[privacydir] Fwd: Review of draft-ietf-ipfix-anon

Sean Turner <turners@ieca.com> Wed, 05 January 2011 14:03 UTC

Message-ID: <4D247AA3.1060500@ieca.com>
Date: Wed, 05 Jan 2011 09:05:23 -0500
From: Sean Turner <turners@ieca.com>
User-Agent: Mozilla/5.0 (Macintosh; U; Intel Mac OS X 10.6; en-US; rv:1.9.2.13) Gecko/20101207 Lightning/1.0b2 Thunderbird/3.1.7
MIME-Version: 1.0
To: privacydir@ietf.org
Content-Type: text/plain; charset="ISO-8859-1"; format="flowed"
Content-Transfer-Encoding: 7bit
Subject: [privacydir] Fwd: Review of draft-ietf-ipfix-anon
Precedence: list

Here's Nick's review.

spt

-------- Original Message --------
Subject: Review of draft-ietf-ipfix-anon
Date: Thu, 30 Dec 2010 14:02:55 -0500
From: Nick Mathewson <nickm@freehaven.net>
To: Sean Turner <turners@ieca.com>

My expertise here is on anonymity and privacy enhancing technologies
in general, and not in IPFIX, so please take my observations with
the appropriate amount of skepticism.  Also, I've not had much prior
experience reviewing IETF drafts, so please forgive any suggestions
I make that are out-of-scope for this document.

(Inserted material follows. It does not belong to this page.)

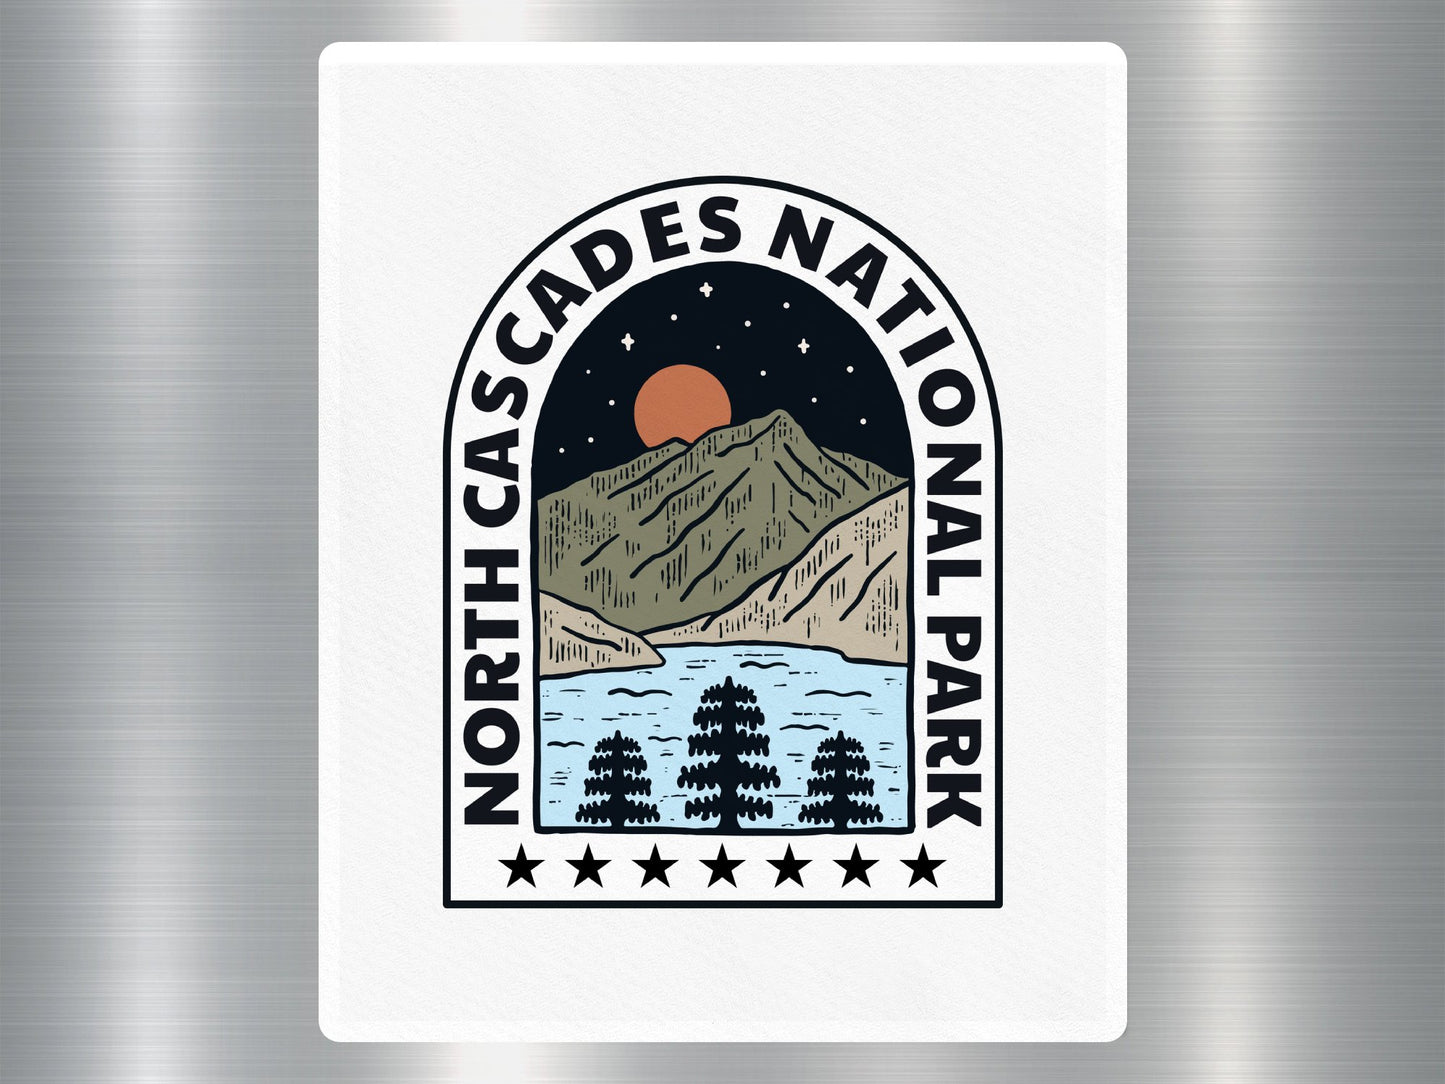 North Cascades National Park Travel Sticker

A couple of minor notes on terminology:

   - The discussion and definition of 'anonymization' here may be the
     one more usually used when referring to data flows, but there
     are larger fields at work here that it might be a good idea to
     harmonize with.  The idea of deleting fields or aggregating
     records in a data set is more closely associated with the topic
     of inference control (see also work on "k-anonymity").  For
     these, the Inference Control subsection of Ross Anderson's
     "Security Engineering" is a reasonably good introduction.  The
     idea of anonymity in general seems more closely tied to notions
     of untraceability and unlinkability; for those see Pfitzmann and
     Hansen "A terminology for talking about privacy by data
     minimization".  It's no disaster (and certainly not
     unprecedented!) to have the meaning of "anonymize" be
     context-dependent, but it _is_ important to say what property
     you actually mean to achieve thereby.  See also the notes below
     on section 3.

   - The authors should decide whether they're going to use American
     or British spellings.  The draft uses the American spellings for
     categorize, organize, minimize, behavior, and so on, but
     unaccountably uses the British "-ise" in anonymise and
     pseudonymise.  In the research literature, and in the other
     relevant RFCs, "anonymize" seems to be more popular, but either
     spelling type is fine so long as it's consistent.

Sec 1:

It might be wise to repeat here (or even in the abstract) the note
from the Security Considerations section that this draft is only
meant to explain how to interchange anonymized data, not to provide
any recommendations as to which anonymization techniques to use, or
even any guarantee that any particular technique achieves any
particular purpose.  Otherwise, it is easy to misread some parts of
section 4 as promising that particular techniques will prevent
particular attacks, which is not in fact the case for reasonable
threat models.

It would also be useful to note that this draft _only_ considers the
kind of inference control you can achieve through transformation of
individual flow records.  Aggregation-based anonymization is not
considered --and not even included in this draft's definition of
anonymization!-- even though it provides more robust privacy
results.

Sec 3: notes on goals

So it seems that the goal of anonymization, as stated here, is to
prevent IP flow data from being traced to the networks, hosts, or
users that participated it.  But this is only one possible goal of
these techniques.

Other uses of the anonymization techniques in this draft include:

    - One-way untraceability.  Under some circumstances, it is fine
      to identify the originator/recipient of a given flow, but not
      both.  For example, it might be fine to identify users so long
      as the services they use can't be inferred, and it might be
      fine to identify servers so long as you can't tell who their
      users are.

    - Resistance to partner profiling.  Even if no particular flow can
      be linked to a particular entity, it might be undesirable for
      the set of flows as a whole to be useful for statistically
      inferring certain properties of networks, hosts, or users.  For
      example, even if an attacker can trace no specific flow to
      users Alice and Bob with confidence greater than 0.01%, if they
      could nevertheless infer that Alice and Bob communicate
      regularly with P=99%, Alice and Bob would reasonably consider
      their privacy to have been compromised.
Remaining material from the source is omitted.